(Given material):
+===+

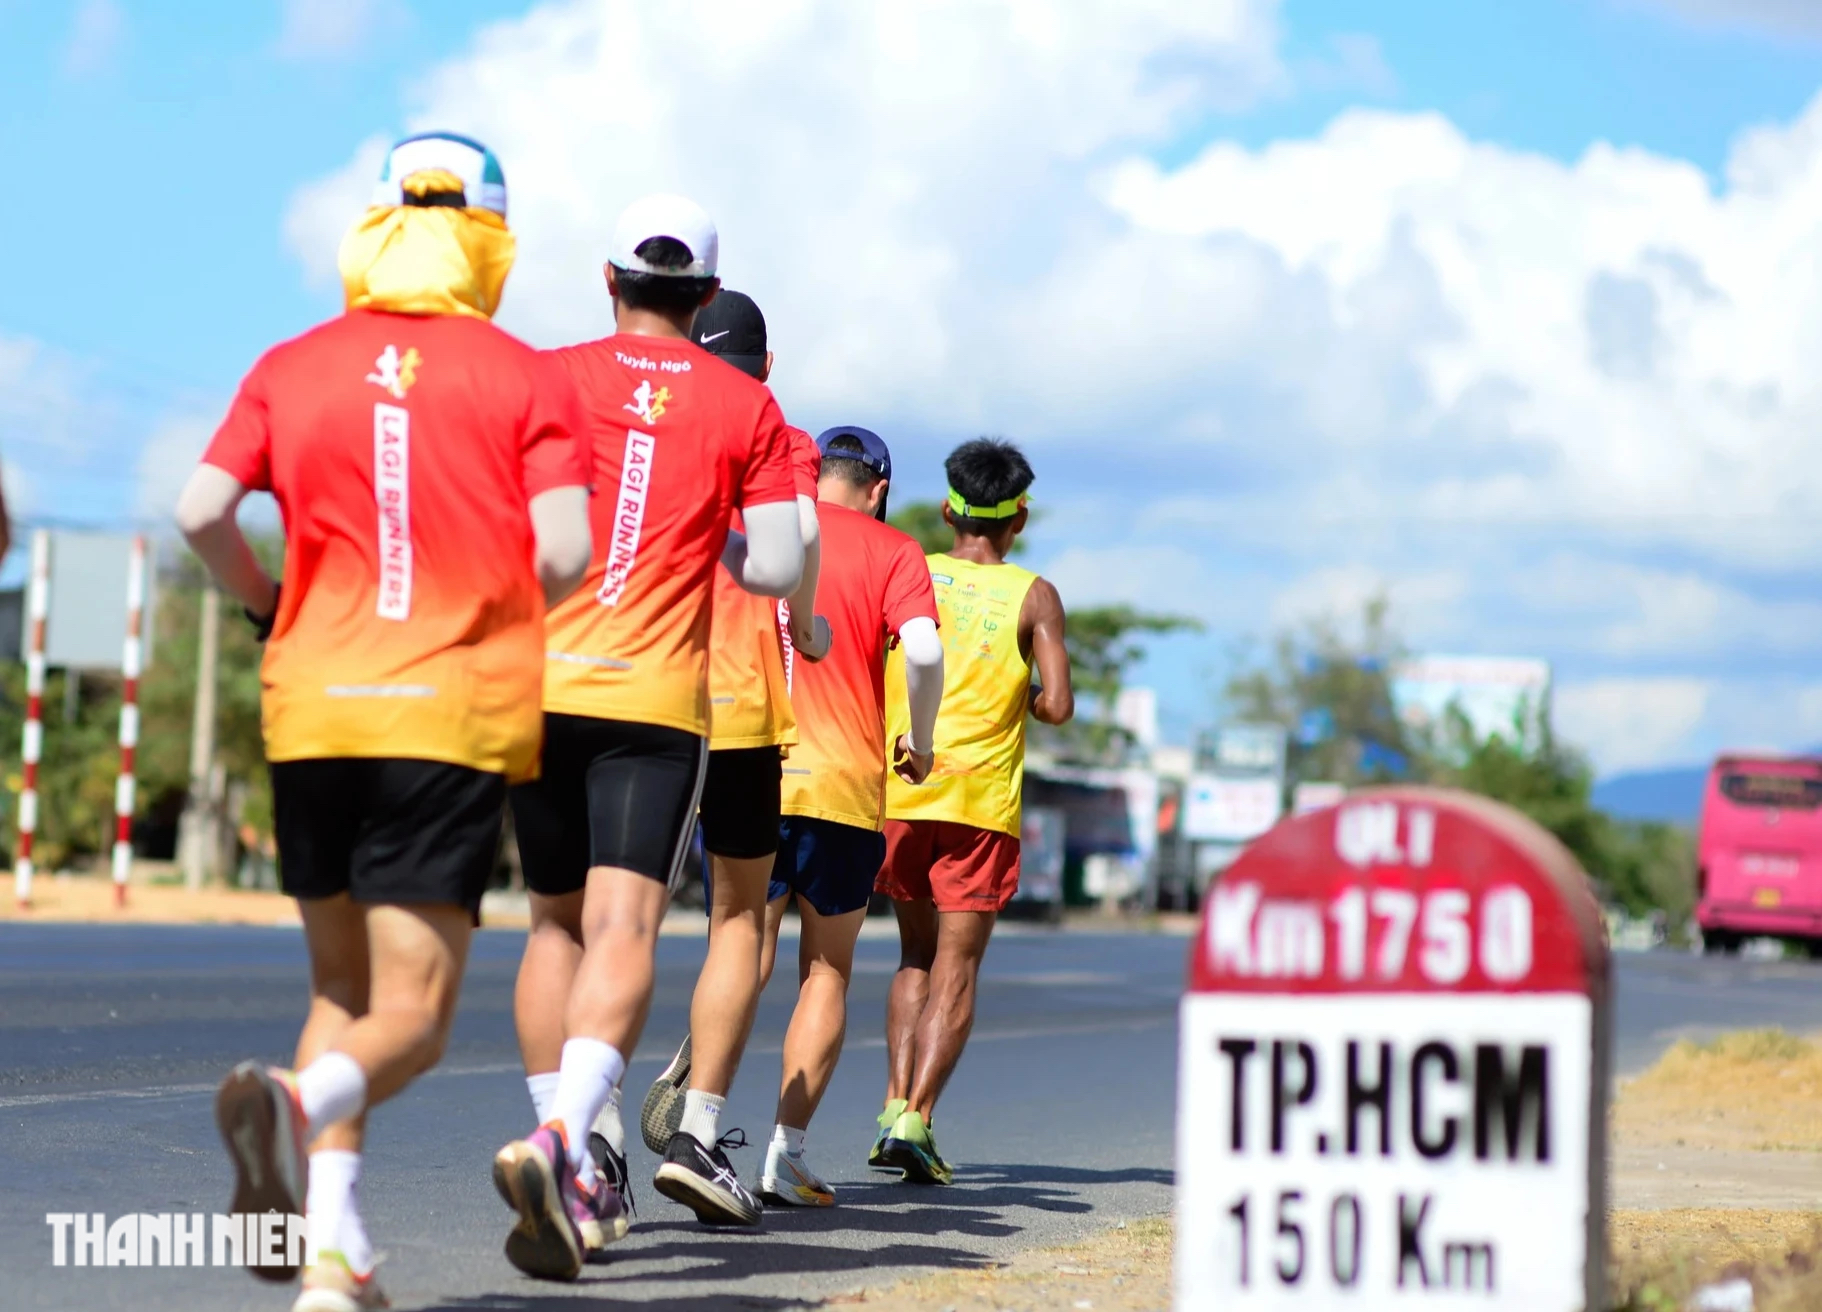 Đồng hành với Long trong buổi sáng có CLB Lagi Runners chạy cùng anh một đoạn.
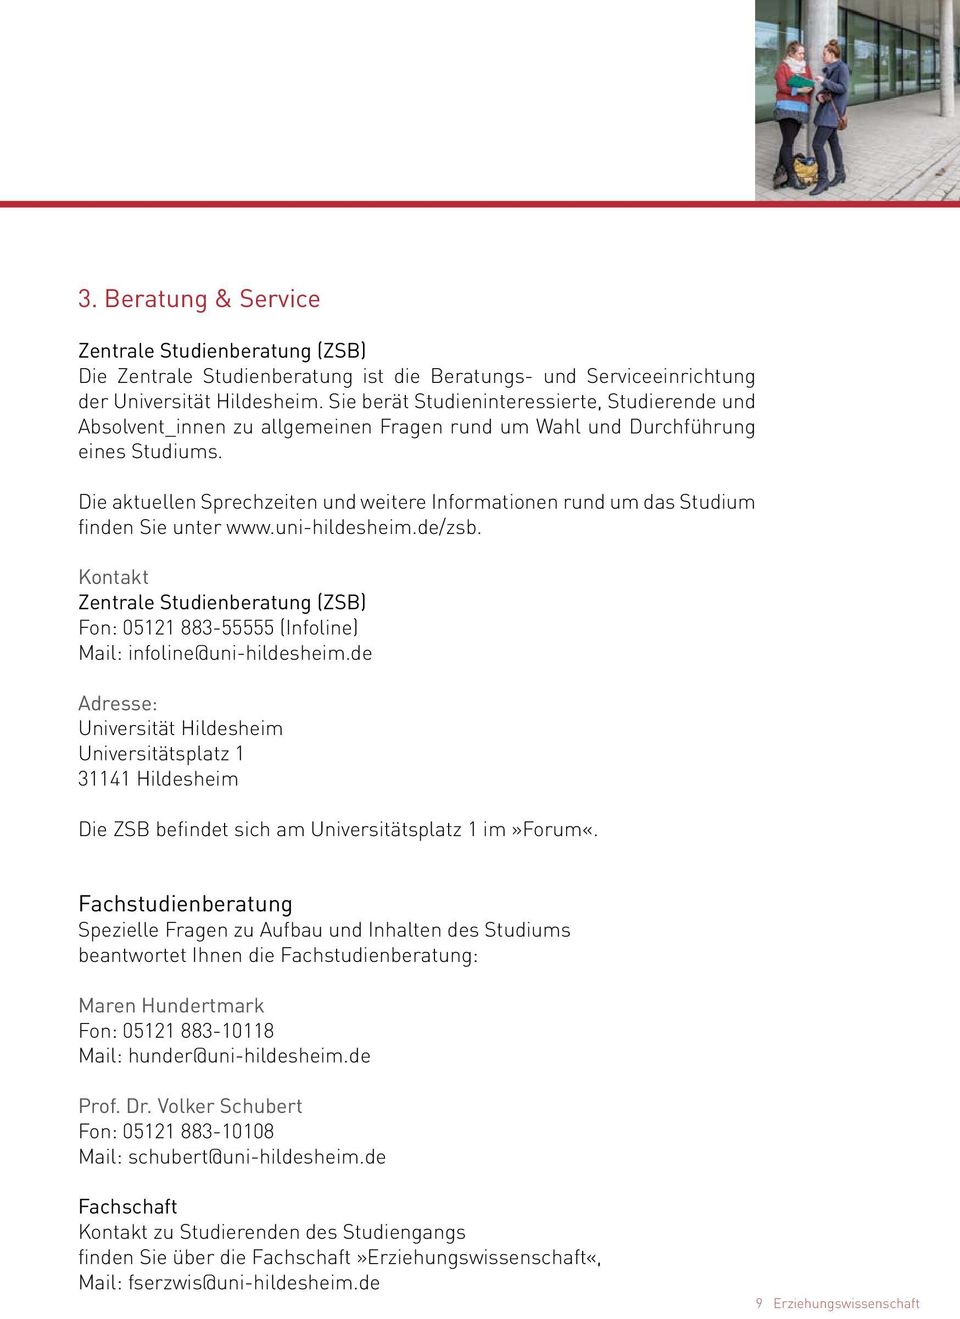 Die aktuellen Sprechzeiten und weitere Informationen rund um das Studium finden Sie unter www.uni-hildesheim.de/zsb.
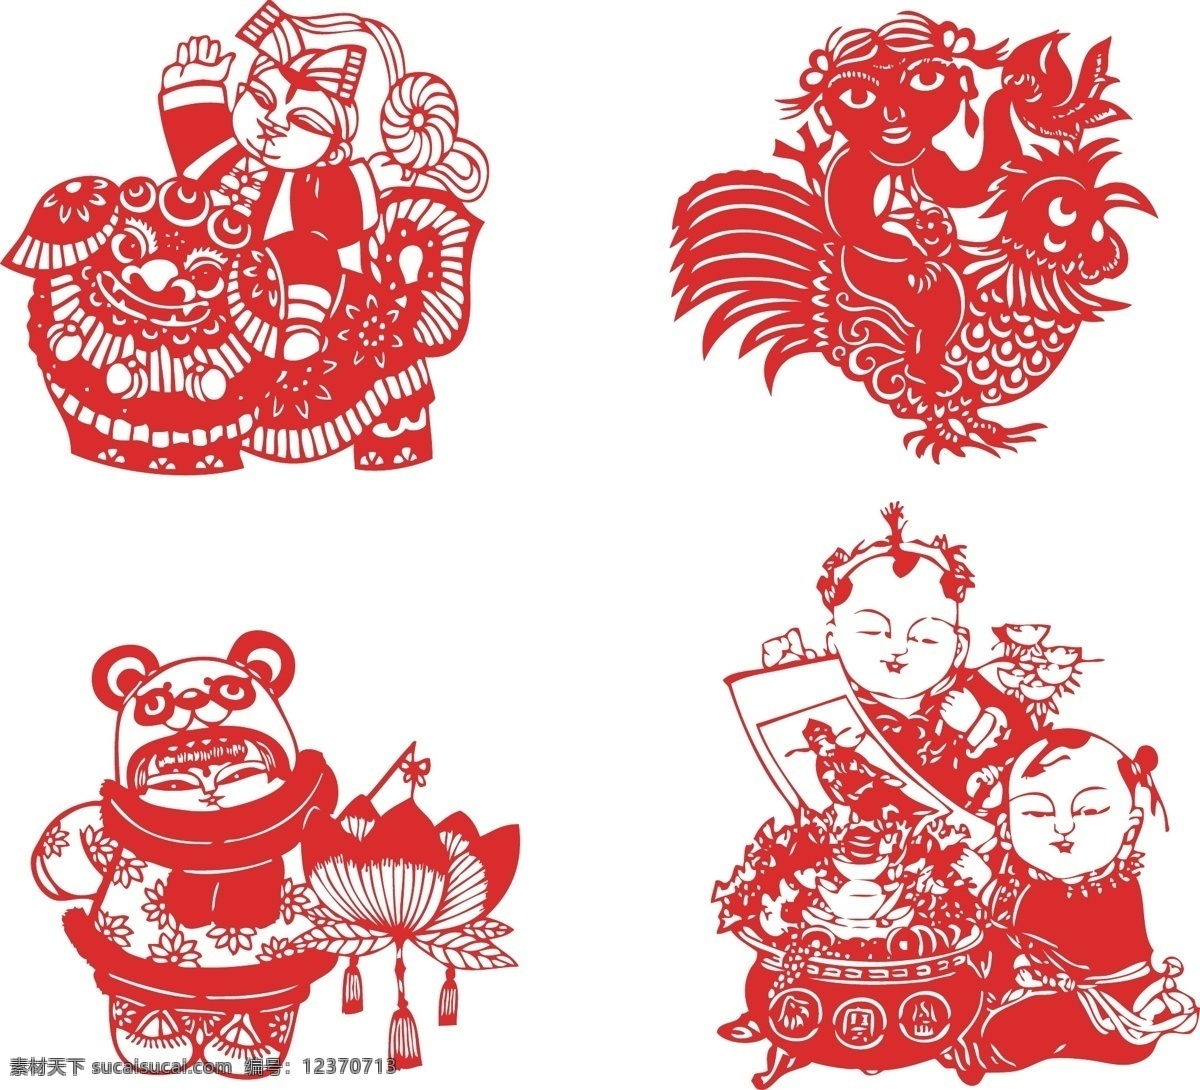 年画 娃娃 红色 剪纸 矢量 4款 年画娃娃 喜庆 民俗 节庆 高清精美素材 文化艺术 传统文化
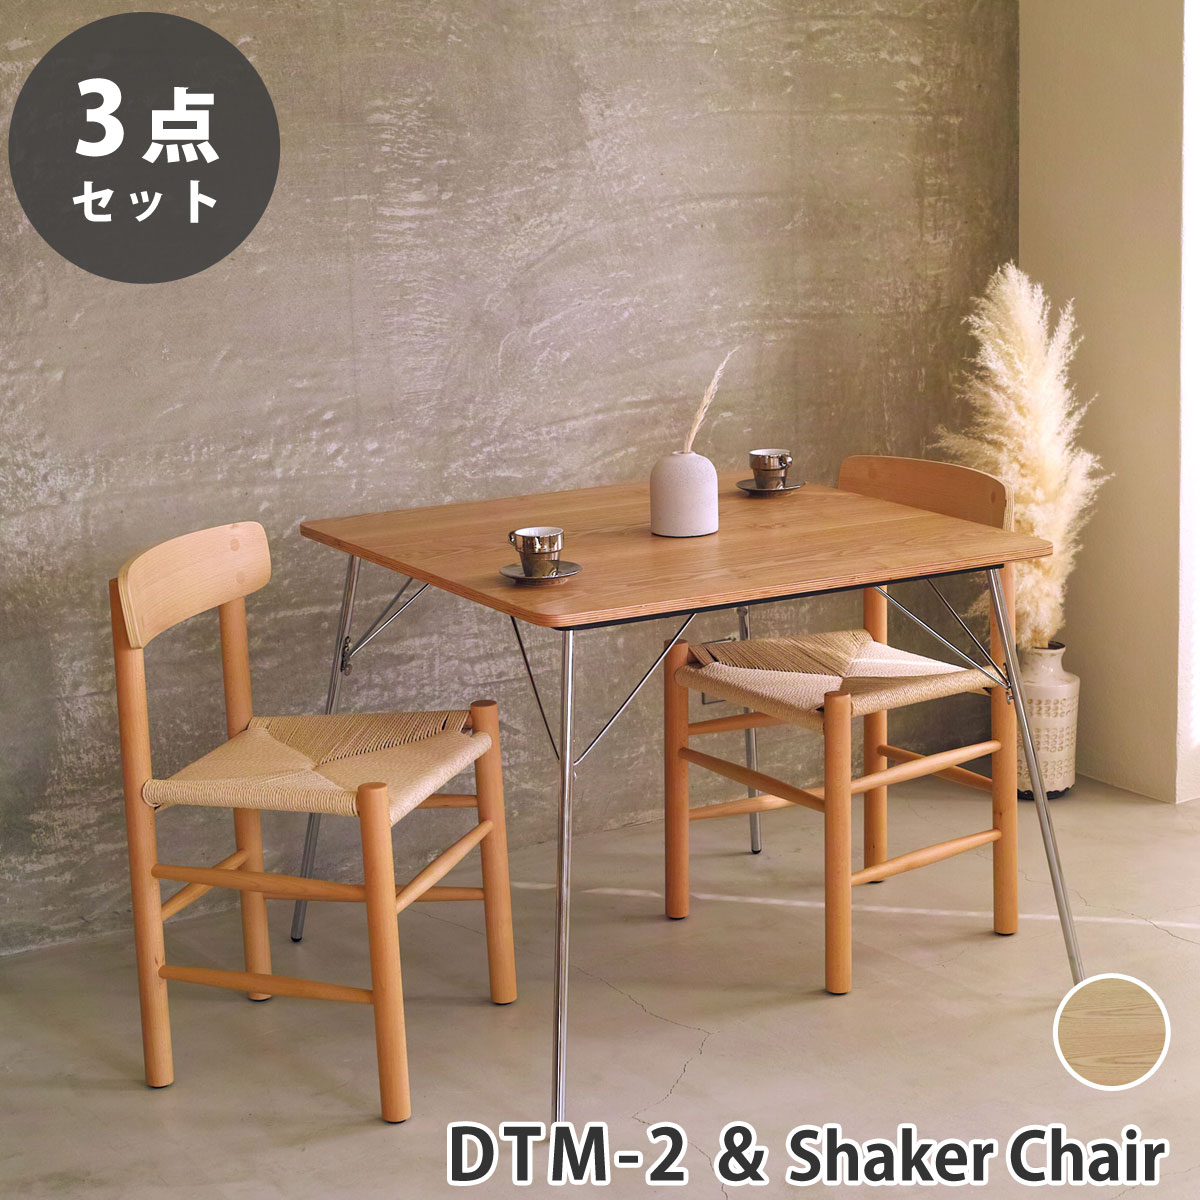 【新品】Eames TABLE 3set ダイニングテーブル

+===+

(Exercise details):
Could you output the lines above exactly, with no pictures included?

(Response area):
 Đồng hành với Long trong buổi sáng có CLB Lagi Runners chạy cùng anh một đoạn.
 Die aktuellen Sprechzeiten und weitere Informationen rund um das Studium finden Sie unter www.uni-hildesheim.de/zsb.
 年画 娃娃 红色 剪纸 矢量 4款 年画娃娃 喜庆 民俗 节庆 高清精美素材 文化艺术 传统文化
 【新品】Eames TABLE 3set ダイニングテーブル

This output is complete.